Professional and business services contributed 67,000 jobs, but 57% of these jobs were in employment services, temporary help services, and services to buildings and dwellings.
That old standby, education and health services, accounted for 33,700 jobs consisting mainly of ambulatory health care services jobs and social assistance jobs of which three-quarters are in child day care services.
The other old standby, waitresses and bartenders, gave us 32,800 jobs, and amusements, gambling, and recreation gave us 3,500 jobs.
Local government, principally education, gave us 22,000 jobs.
So, where are the jobs for university graduates? They are practically non-existent. Think of all the MBAs, but June had only 2,300 jobs for management of companies and enterprises.
Think of the struggle to get into law and medical schools. There’s no job payoff. June had jobs for 1,200 in legal services, which includes receptionists and para-legals. Where are all the law school graduates finding jobs?
Offices of physicians (mainly people who fill out the mandated paperwork and comply with all the regulations, which have multiplied under ObamaCare) hired 4,000 people. Outpatient care centers hired 700 people. Nursing care facilities hired 2,400 people.

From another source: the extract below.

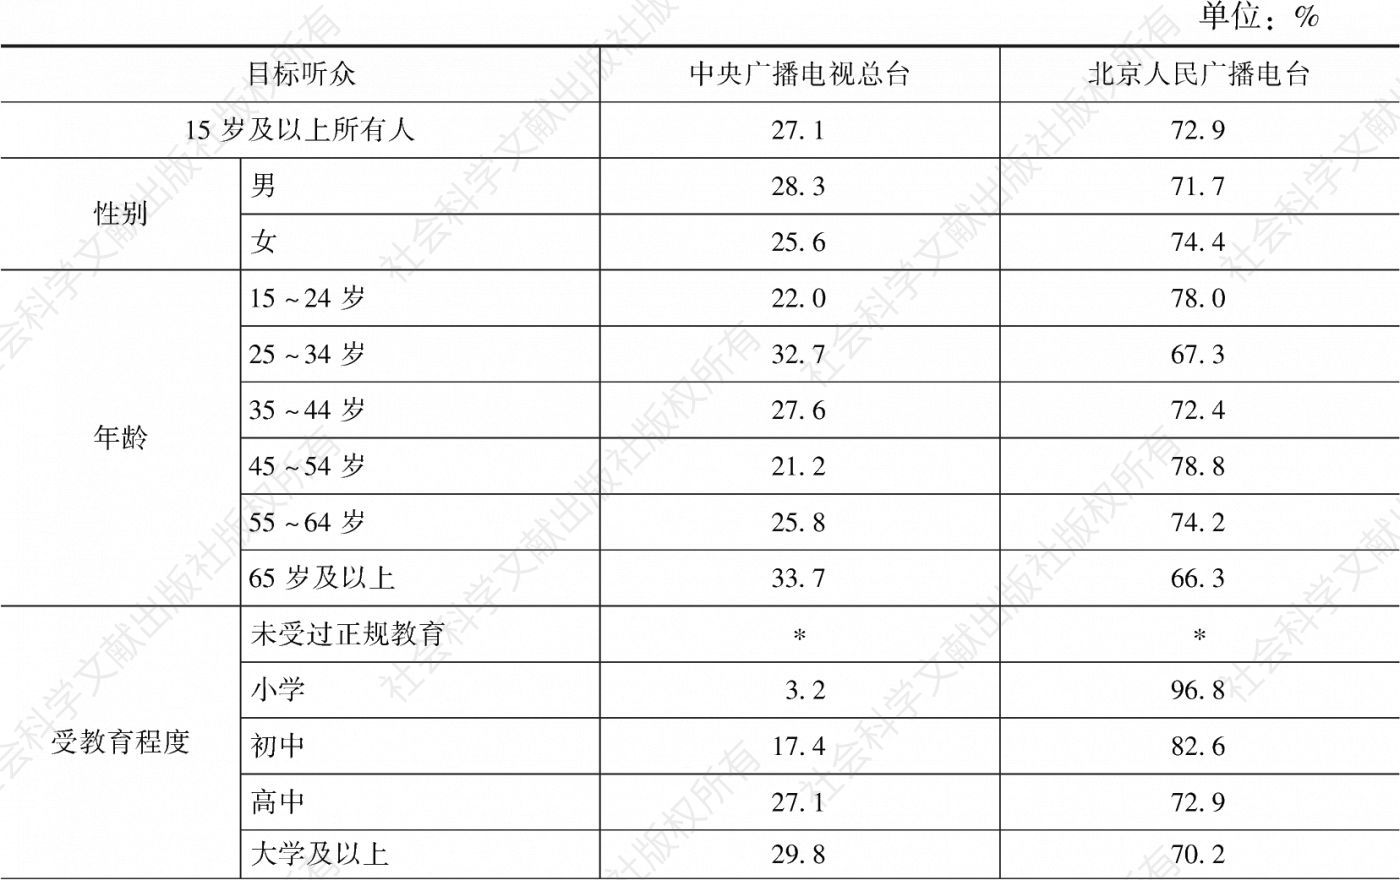 表4.1.5 2020年北京市场各广播电台在不同目标听众中的市场份额
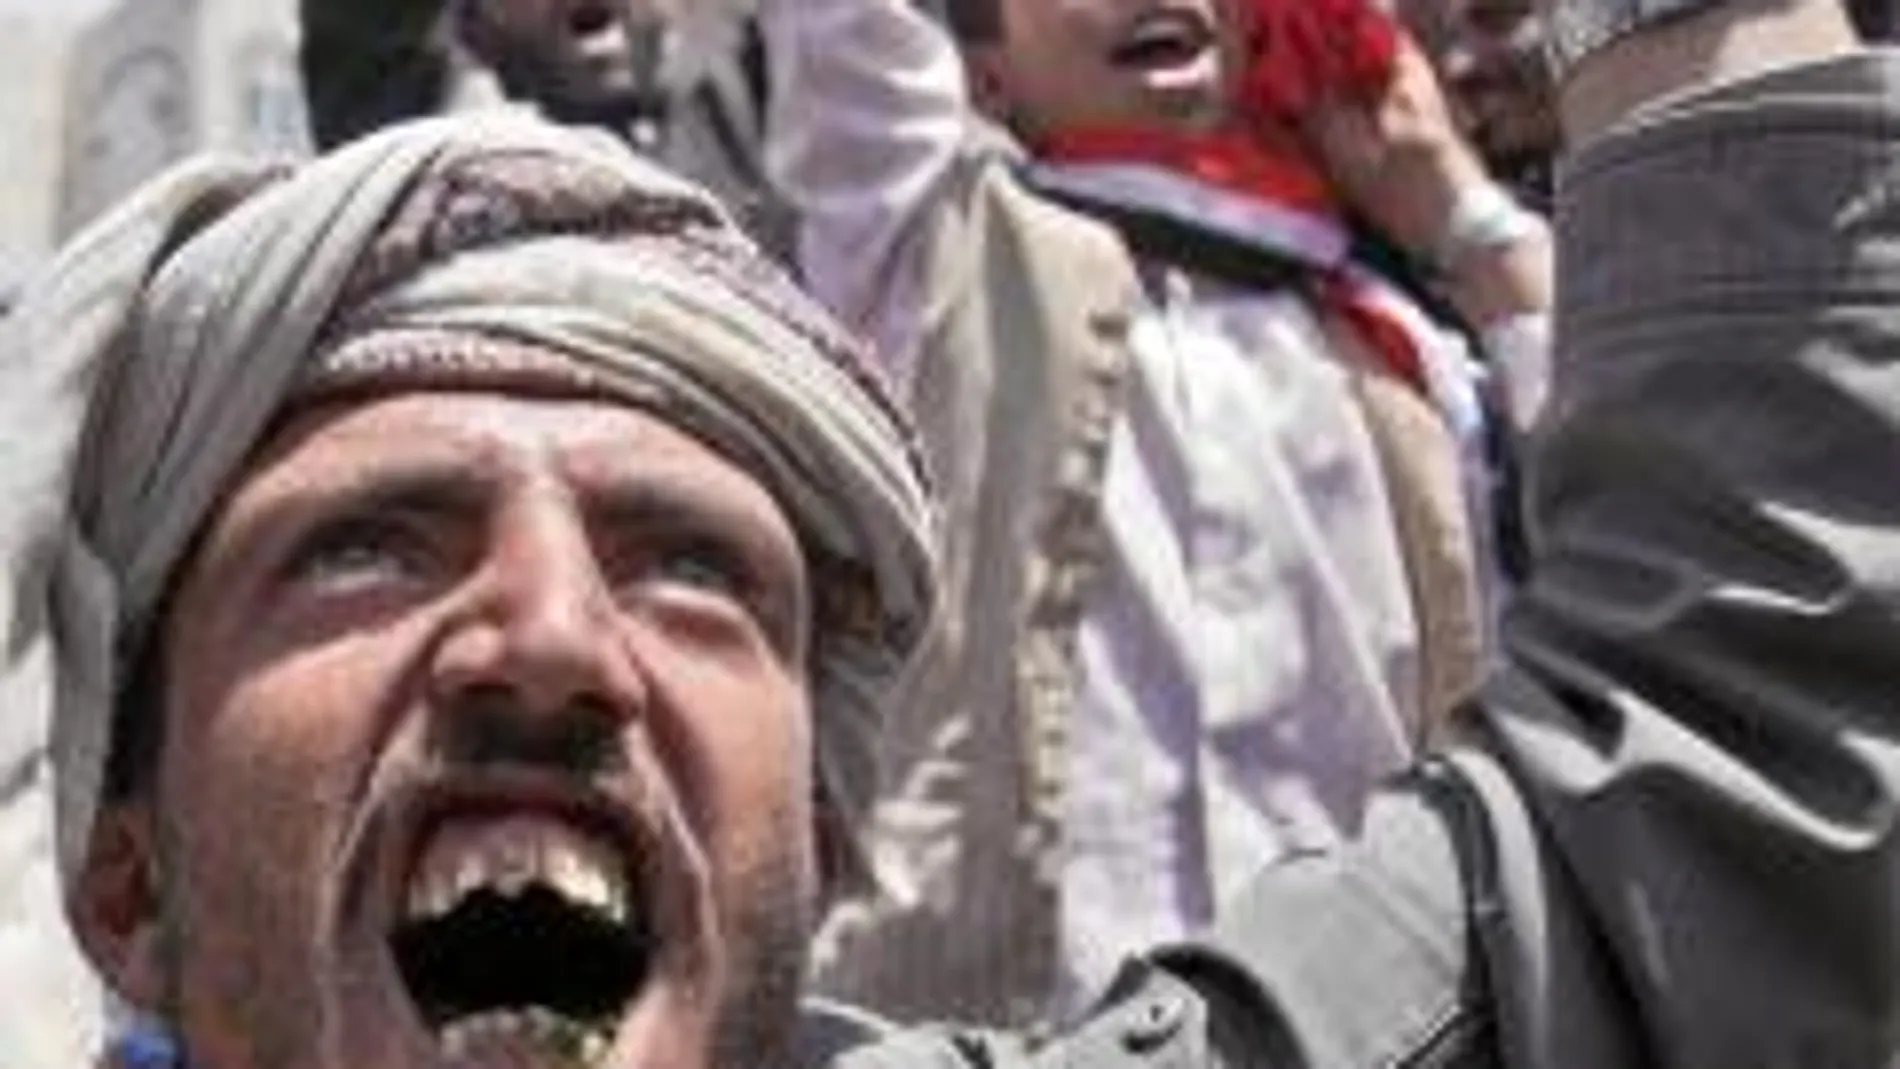 Los opositores desafiaron ayer la militarización de la capital para pedir la renuncia de Saleh

So where are the jobs for the medical school graduates?
Aside from all the exaggerations in the jobs numbers of which ShadowStats.com has informed us, just taking the jobs as reported, what kind of economy do these jobs indicate: a superpower whose pretensions are to exercise hegemony over the world or an economy in which opportunities are disappearing and incomes are falling?
Do you think that this jobs picture would be the same if the government in Washington cared about you instead of the mega-rich?
Some interesting numbers can be calculated from table A.9 in the BLS press release. John Williams advises that the BLS is inconsistent in the methods it uses to tabulate the data in table A.9 and that the data is also afflicted by seasonal adjustment problems. However, as the unemployment rate and payroll jobs are reported regardless of their problems, we can also report the BLS finding that in June 523,000 full-time jobs disappeared and 800,000 part time jobs appeared.